Segundo Miguel Alves a EAR tem 30 camas preparadas, mas pode crescer até às 120 camas.

“No limite, se tivéssemos uma situação de absoluta rutura, catástrofe, que não prevemos, o espaço está preparado para acomodar 200 pessoas”, sustentou o autarca socialista.

“Trabalhamos em módulos de 10 camas e, por cada dez camas, temos de ter cinco auxiliares de ação direta e ação geral, um enfermeiro e um médico”, especificou.

O autarca socialista disse ainda que a situação epidemiológica no distrito de Viana do Castelo “é muito preocupante”.

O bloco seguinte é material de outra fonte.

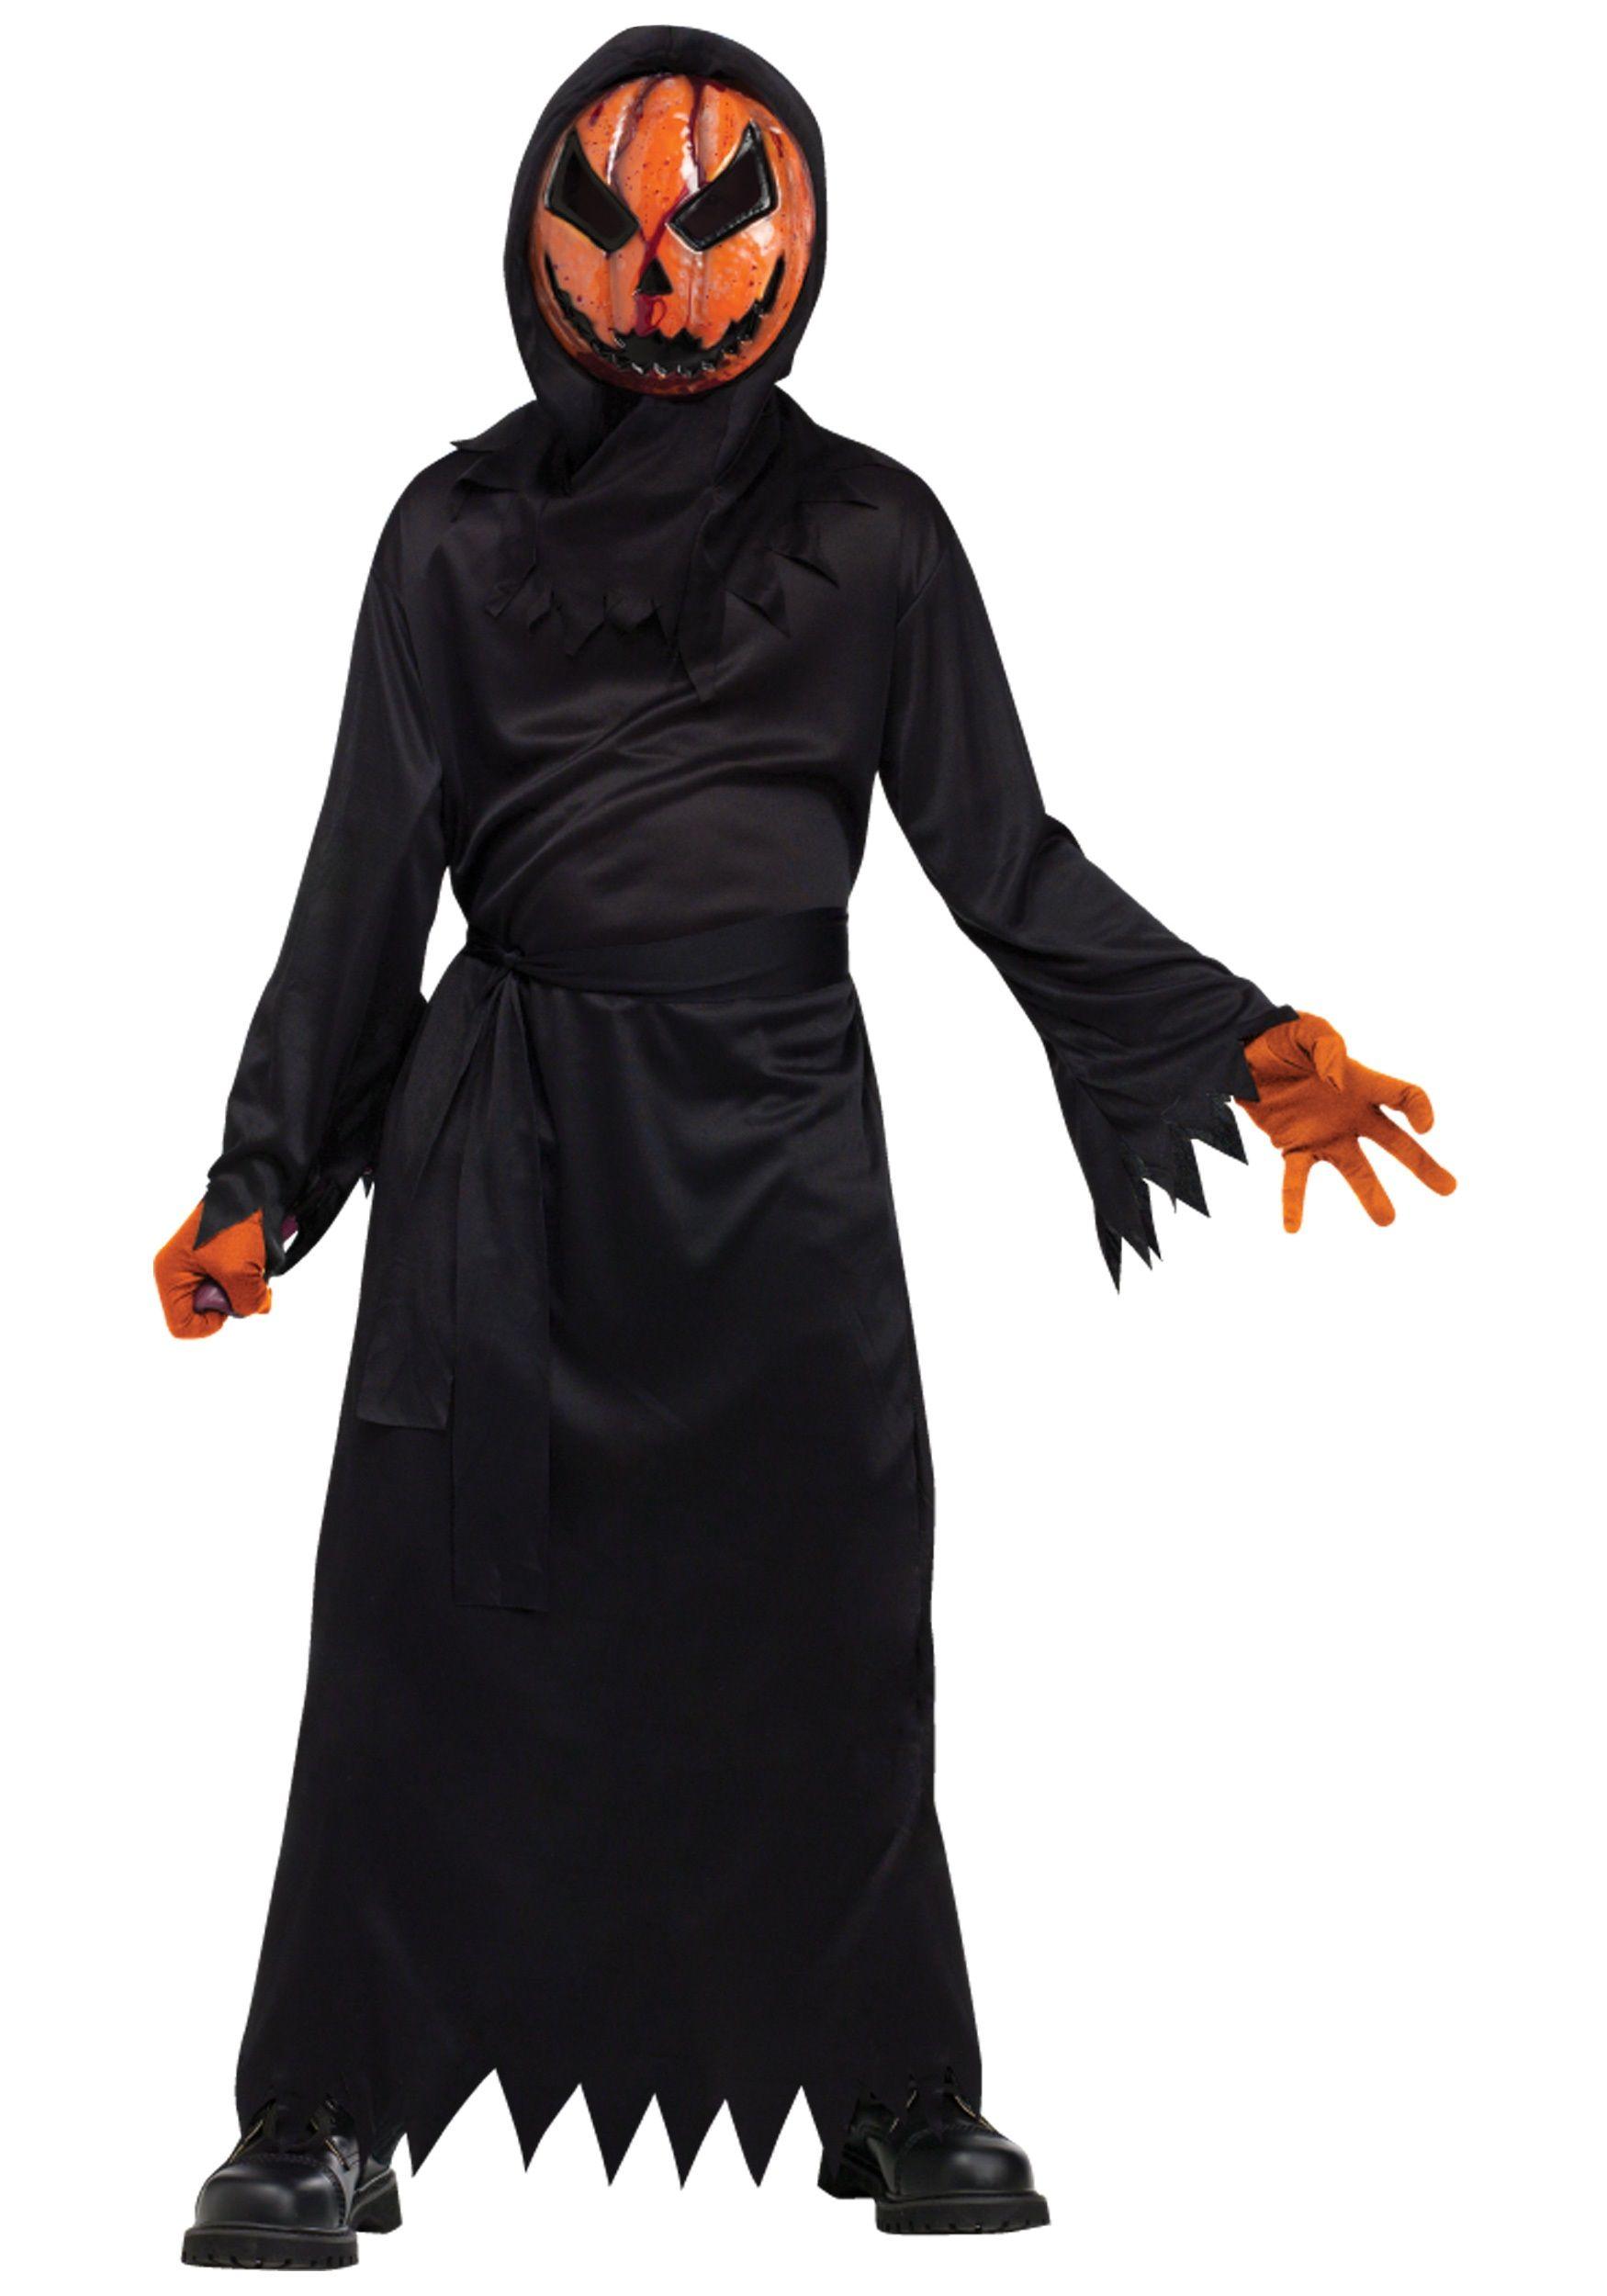 scary halloween costumes | scary pumpkin halloween costume
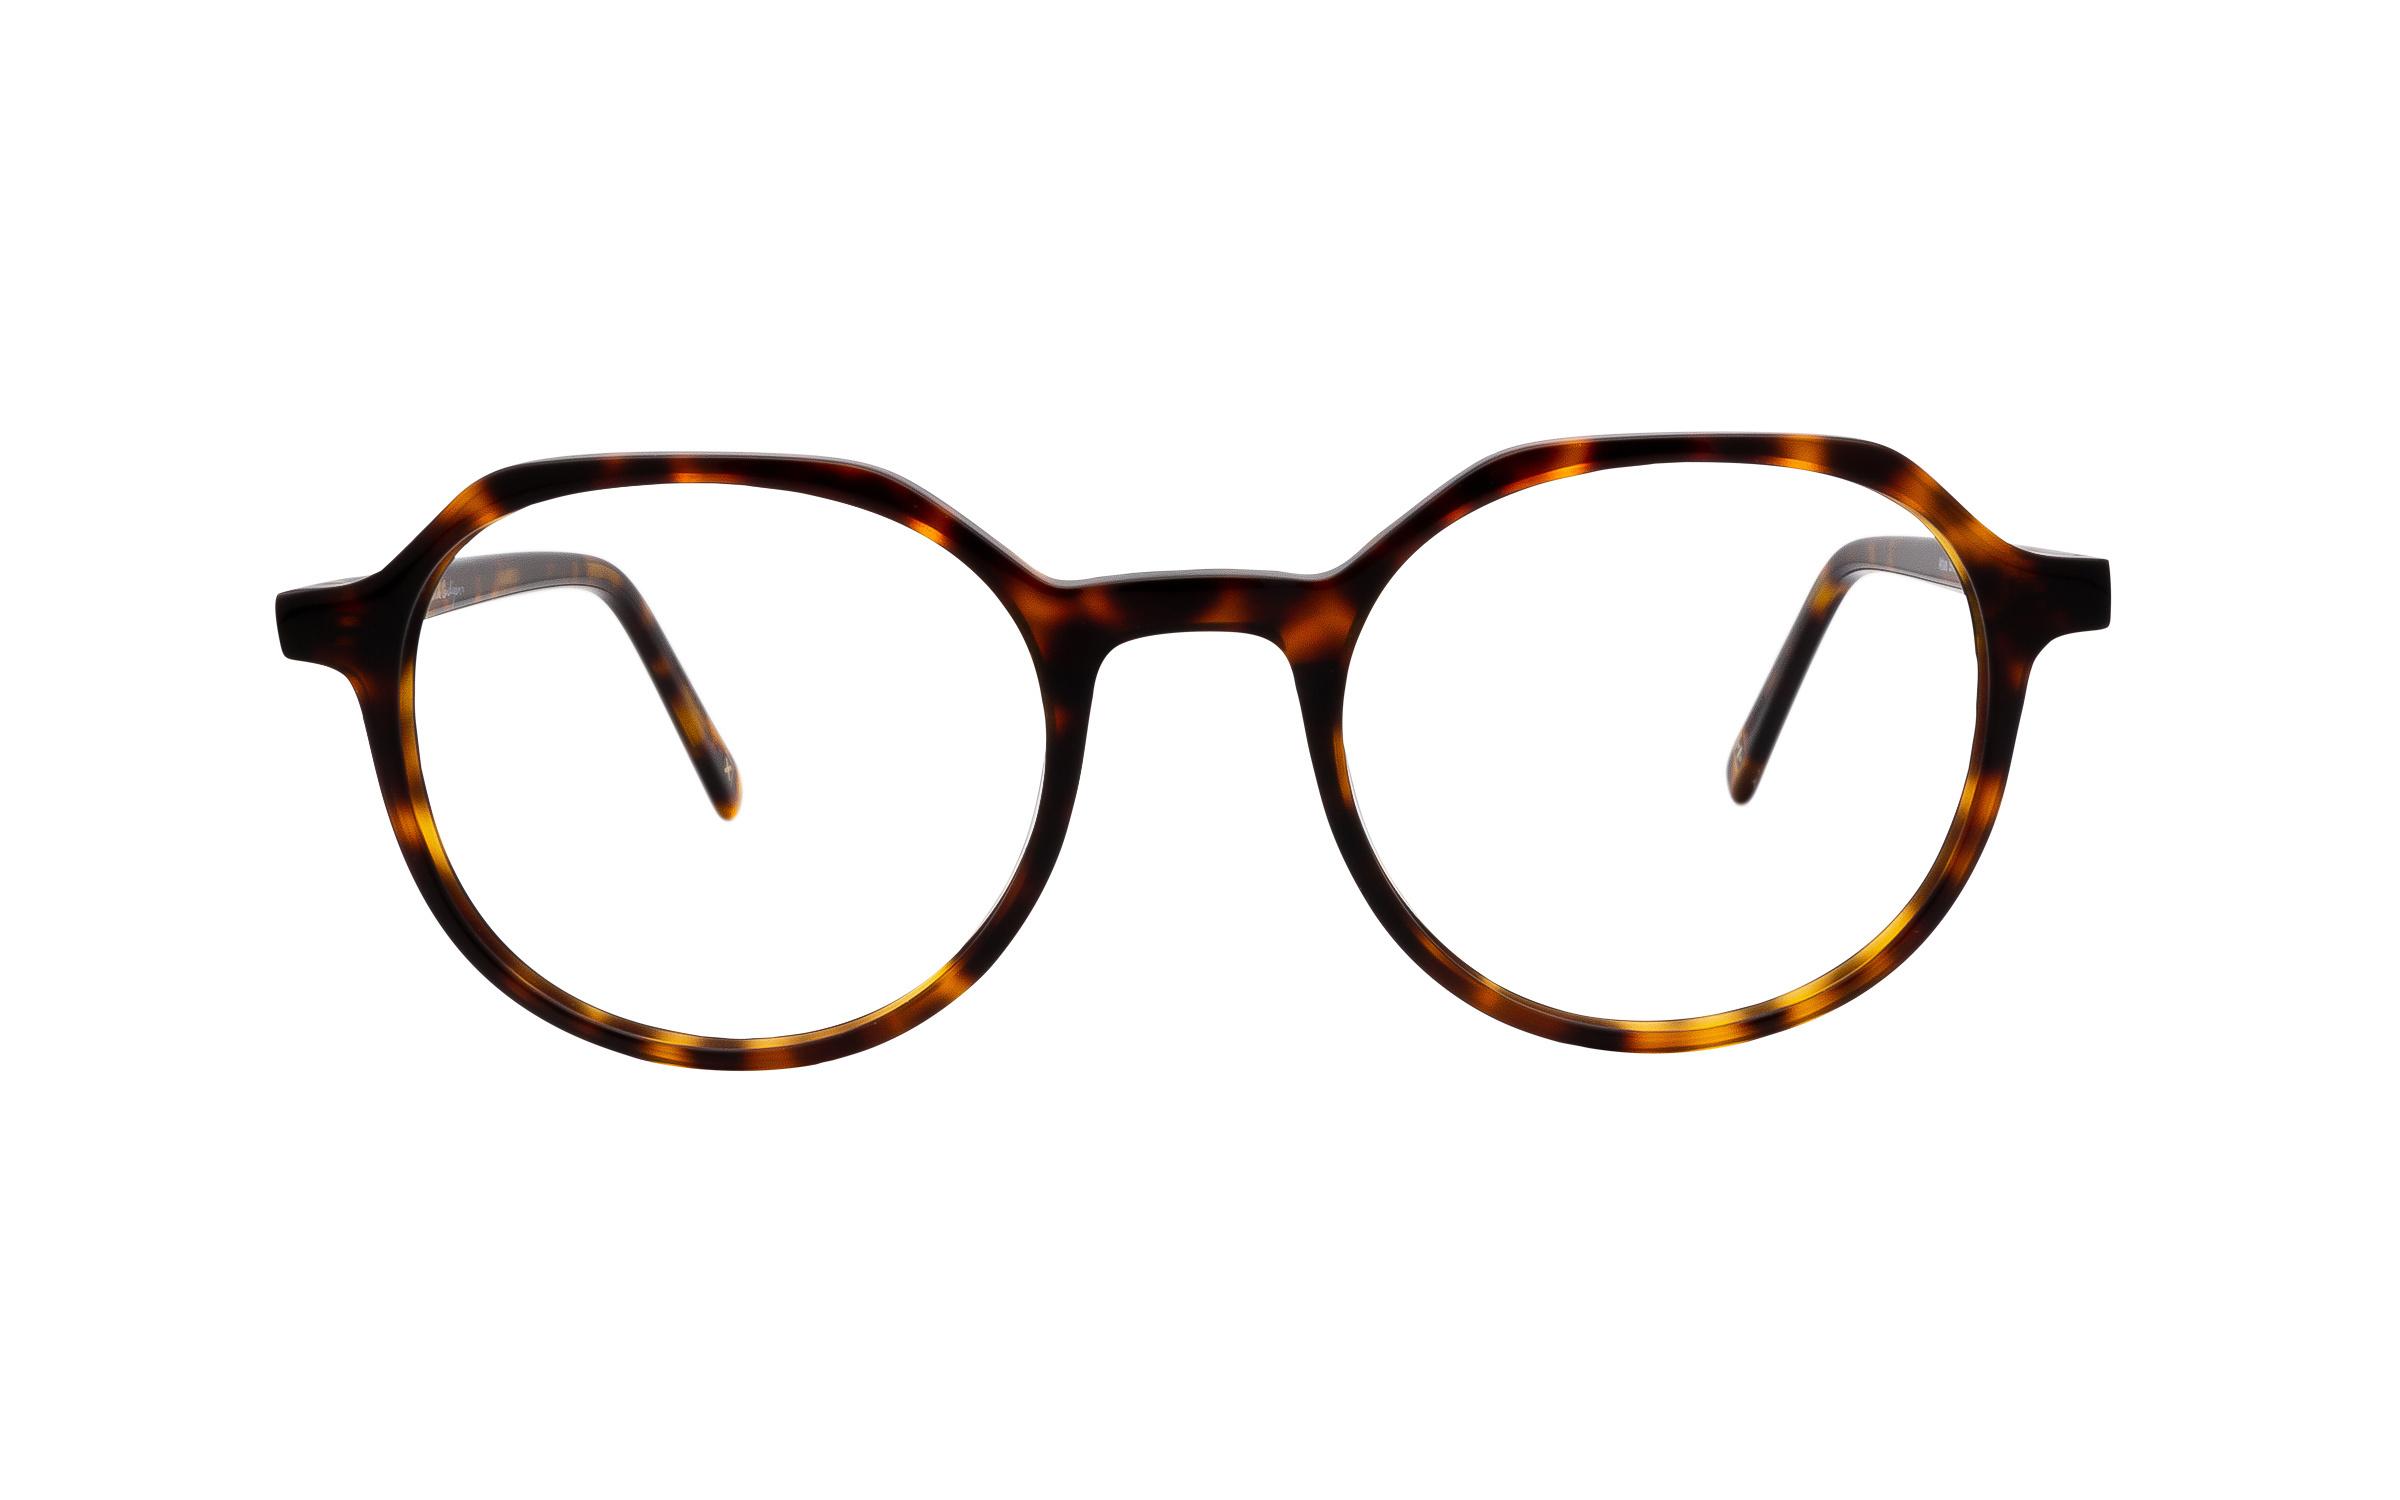 http://www.coastal.com/ - Derek Cardigan Atlas DC214 C01 (47) Eyeglasses and Frame in Shiny Havana Tortoise – Online Coastal

“Neste momento, estamos com mais de quatro mil casos ativos e temos a lamentar 94 mortes. Só no mesmo de novembro e ainda não chegamos ao final do mês temos mais caso do que tivemos até ao final do mês de outubro e o mês de outubro já foi muito difícil”, reforçou.

Adiantou que, em outubro, “a média de novos casos, por dia, no distrito de Viana do Castelo era de 28. Em novembro, estamos a ter 85 casos por dia”.

“Isto coloca muito pressão sobre as instituições que apoiam os idosos mas também sobre as unidades hospitalares”, frisou.

A EAR foi instalada pela Câmara de Viana do Castelo, em abril, no centro cultural da cidade.

Inicialmente esteve prevista a desativação desta unidade, no final de outubro, mas, entretanto, a Câmara de Viana do Castelo e a Unidade Local de Saúde do Alto Minho (ULSAM) decidiram prolongar o seu funcionamento até final de novembro devido ao aumento de casos de covid-19 na região.

A abertura da estrutura em Viana do Castelo contou com a participação do secretário de Estado Coordenador Eduardo Pinheiro, que disse “em todos os distritos da região Norte ou já tem espaços abertos ou tem espaços que abrirão nos próximos dias”, sendo que no distrito do Porto foram criados dois espaços.

A sessão contou ainda com a presença do presidente da Câmara de Viana do Castelo, presidente do conselho de administração da ULSAM, Comandante Operacional Distrital, diretora do centro distrital da Segurança Social e delegado de saúde coordenador.

A pandemia de covid-19 já provocou mais de 1,4 milhões de mortos no mundo desde dezembro do ano passado, incluindo 4.209 em Portugal.